- The truth is that modern medicine and lifestyle changes have ensured that a person at the age of 70 is still in a good mental and physical state to perform the rigours of board membership.
- This was considered in the revamped Companies Act 2015 where the age limit of 70 for directors of companies was removed.
- Previously, under the 1948 Companies Act, a director of a company who had reached the age of 70 was required to be approved at every subsequent annual general meeting to continue to serve on the board.
Robert Winship Woodruff was born in 1889 and at the age of 33 years became the CEO of the Coca Cola Company in 1923. According to a Harvard Business School (HBS) case study by Lorsch, Khurana and Sanchez titled the Board of Directors at The Coca Cola Company, it was Woodruff who began shaping the fledgling soft drink enterprise and its franchise system into what was to become the world’s most widely recognised brand.
Like any visionary entrepreneur, Woodruff set about his business as the new CEO with a ruthless focus on market share growth and standardisation of the product.
However, in order to undertake this gargantuan task, Woodruff needed to have full control of the board. On his board were representatives from the company’s main sugar suppliers as well as the company’s leading advertising agency.
The HBS paper outlined Woodruff’s leadership style: “His board meetings were brief; he didn’t want to hear from anybody. They were there to serve his agenda. From Woodruff’s perspective, there was no one to sweet talk because all of the owners of large institutional chunks of Coca Cola stock were under Woodruff’s thumb. Woodruff not only controlled the board of Coca Cola, but in effect he really controlled the boards of the institutions that controlled the Coca Cola stock.”
In 1955, at the age of 66, Woodruff retired as CEO but created the powerful finance committee of the board, which he chaired. As chairman, he controlled the budget of the company and held a veto over all decisions of the company’s CEOs. The chief financial officers of the company were required to report directly to him, rather than the CEO, and he would approve any expenses above $5,000.
He eventually retired from the finance committee in 1981 and retired from the board in 1984 at the age of 95, when the company was in the safe pair of hands of Roberto Goizueta, who by this time was the chairman and CEO. One of Goizueta’s first tasks was to create a maximum retirement age of 71 for directors of the Coca Cola board, which he described to someone as looking very close to a geriatric ward. According to the HBS paper, Goizueta felt that “Directors over 71 had to retire not just to save embarrassment on Wall Street, but because of the very real threat of legal liability in the event the company’s directors were shown to be incapable of hearing and understanding the matters they were voting on.”
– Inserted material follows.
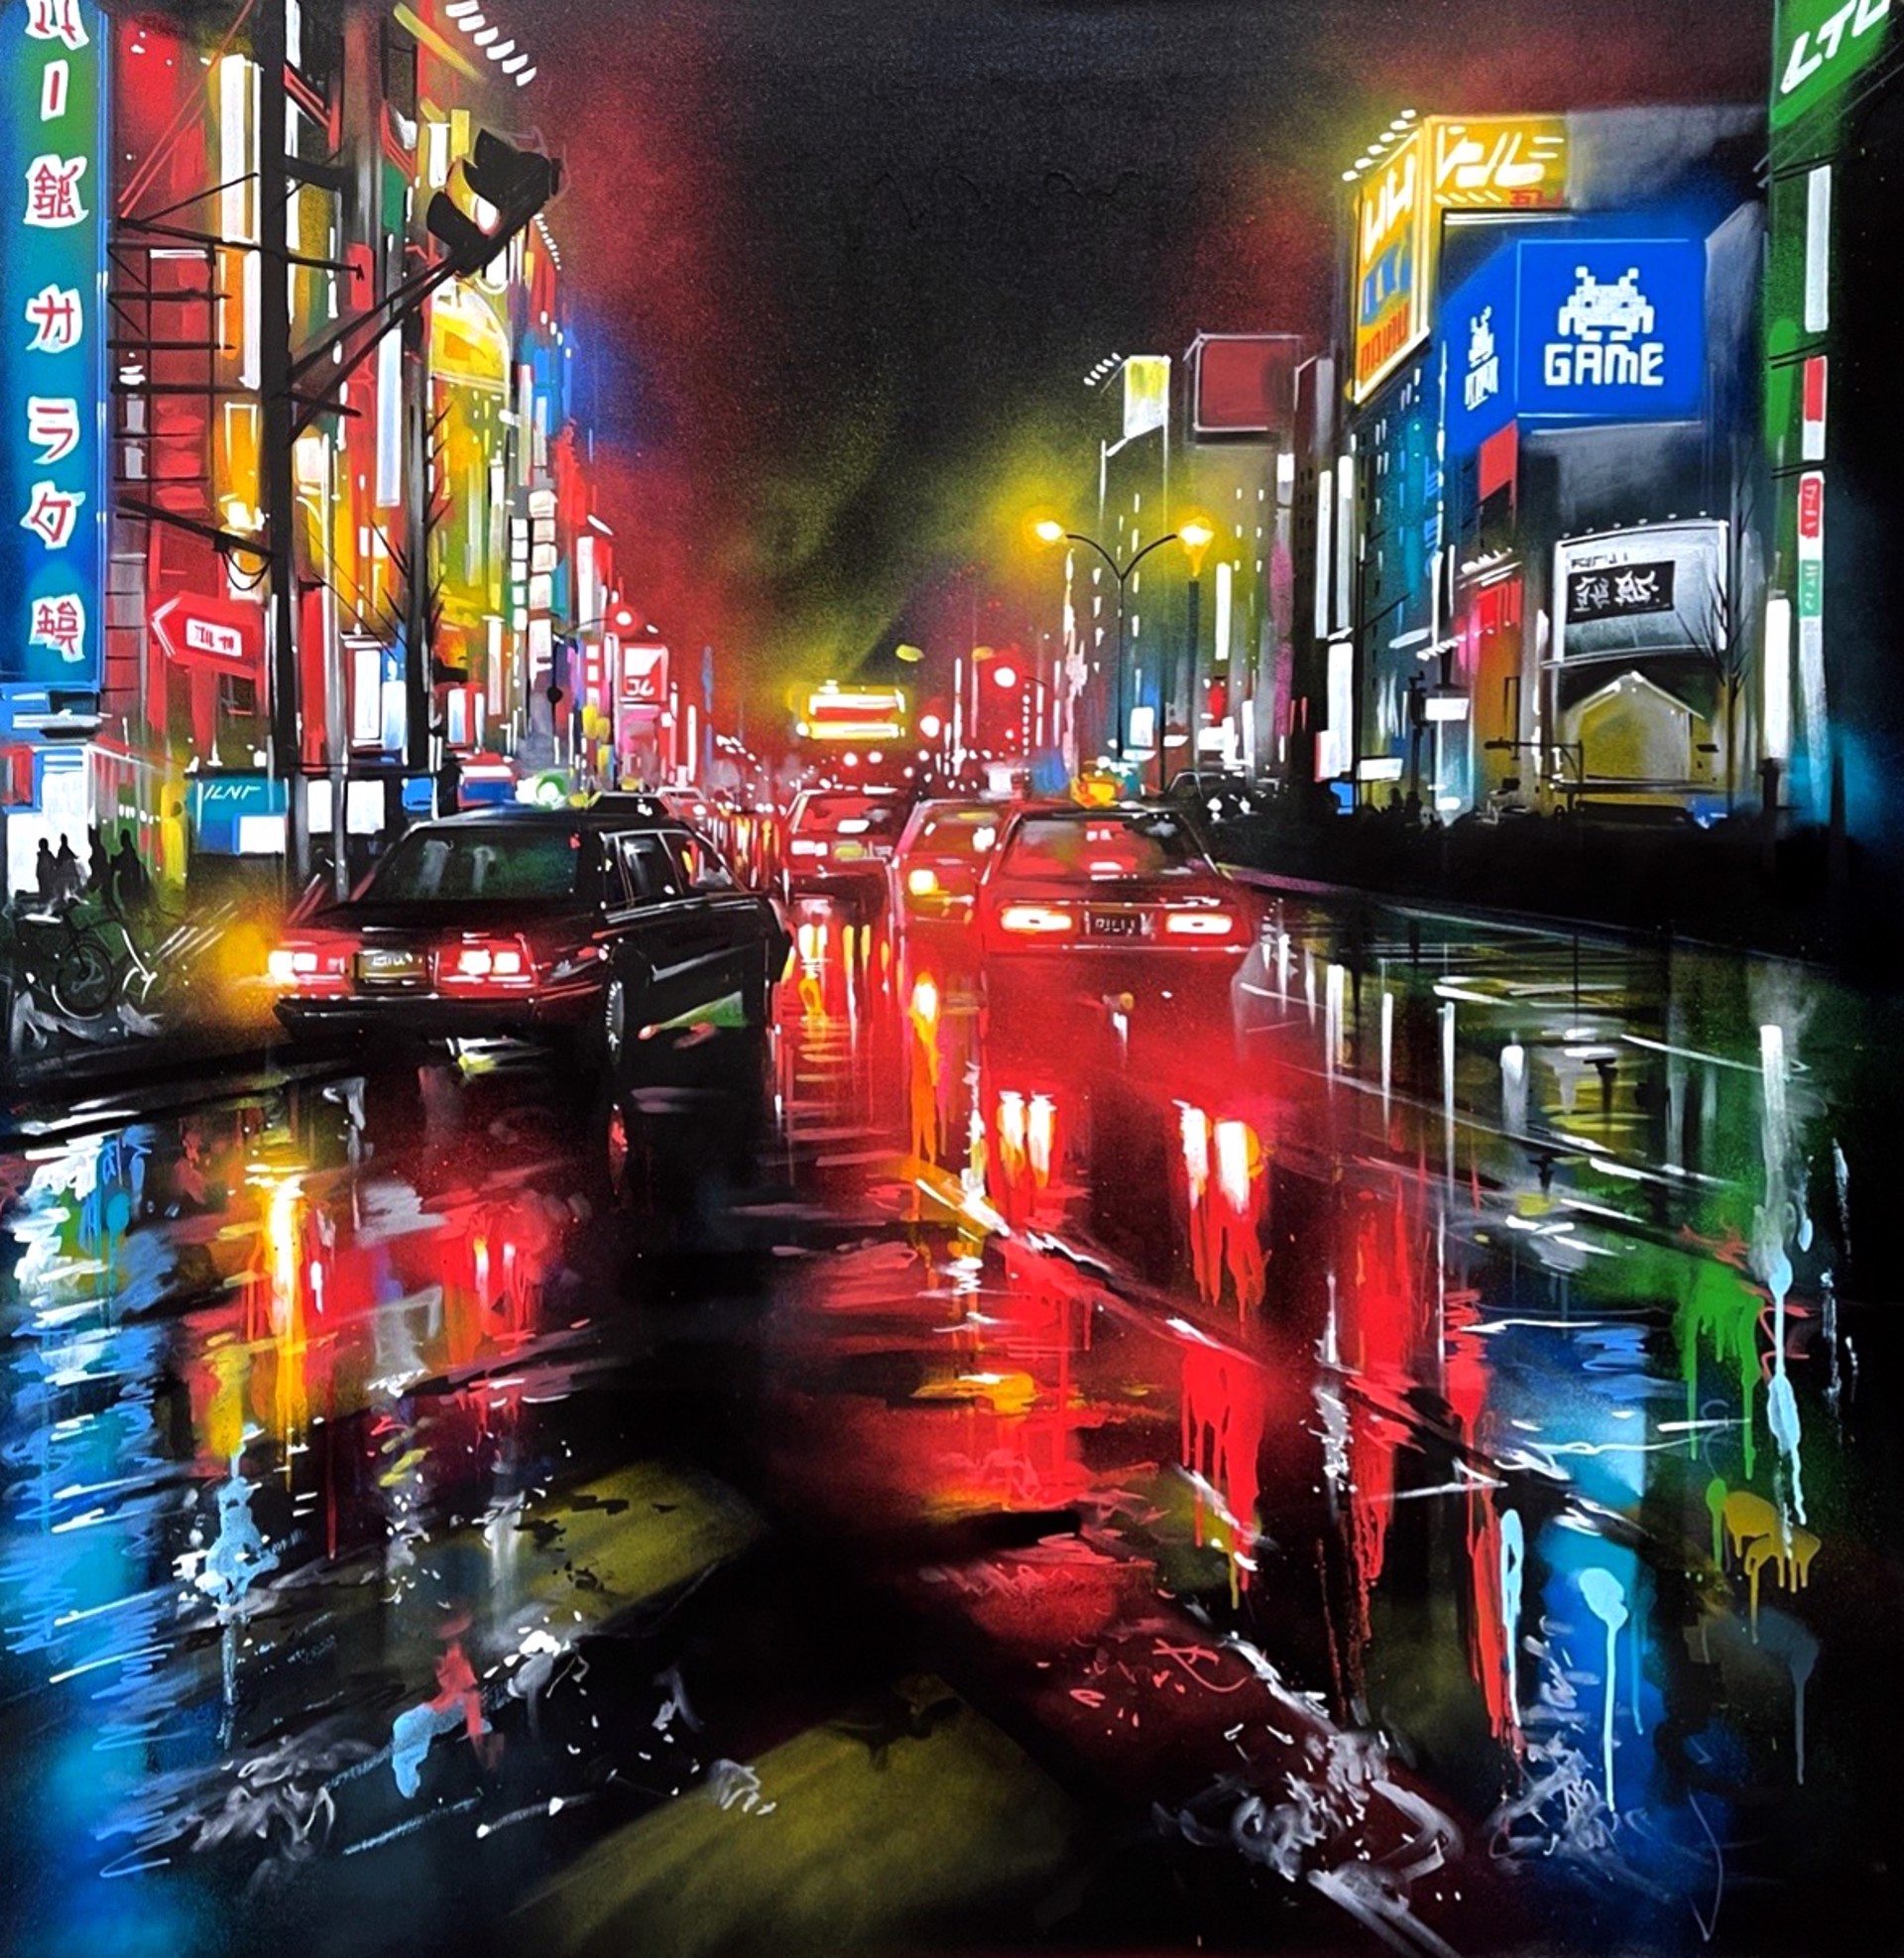 Neon Streets by Dan Kitchener

Now the truth is that modern medicine and lifestyle changes have ensured that a person at the age of 70 is still in a good mental and physical state to perform the rigours of board membership.
This was considered in the revamped Companies Act 2015 where the age limit of 70 for directors of companies was removed. Previously, under the 1948 Companies Act, a director of a company who had reached the age of 70 was required to be approved at every subsequent annual general meeting to continue to serve on the board.
The Capital Markets Authority in the same year 2015, issued the Code of Corporate Governance Practices for Issuers of Securities to the Public (the Code), which was quite a thorough update of governance laws for Kenya.
In what was a clear example of the left hand not knowing what the right hand was doing, the Code maintained the age limit for directors of issuers, by recommending an age limit of 70 years for board members, which limit had been removed in the Companies Act 2015. However, according to the Code, shareholders at an annual general meeting may vote to retain a board member who has attained the age of 70. The recommendation in the Code is more loosely worded than the old Companies Act which required re-election at every AGM by special notice, following attainment of 70 years.
The loose wording of the Code can be interpreted to mean that once shareholders approve of the director’s continued service after the age of 70, he or she does not need to keep coming back every year for subsequent approval. And the director can serve and serve and serve, just like Woodruff, to the grand old age of 94.
But before you panic, there are checks and balances that boards of listed companies put in place to ensure this doesn’t happen. Defined terms for directors which provide for a set number of years ensures that the director’s capacity to serve again can be interrogated when that term ends.
In addition, maximum number of terms is a standard board protocol. The difficult part though, is when the said director is a key shareholder such that director terms of service do not apply to them. At that point, all Woodruff-esque bets are off!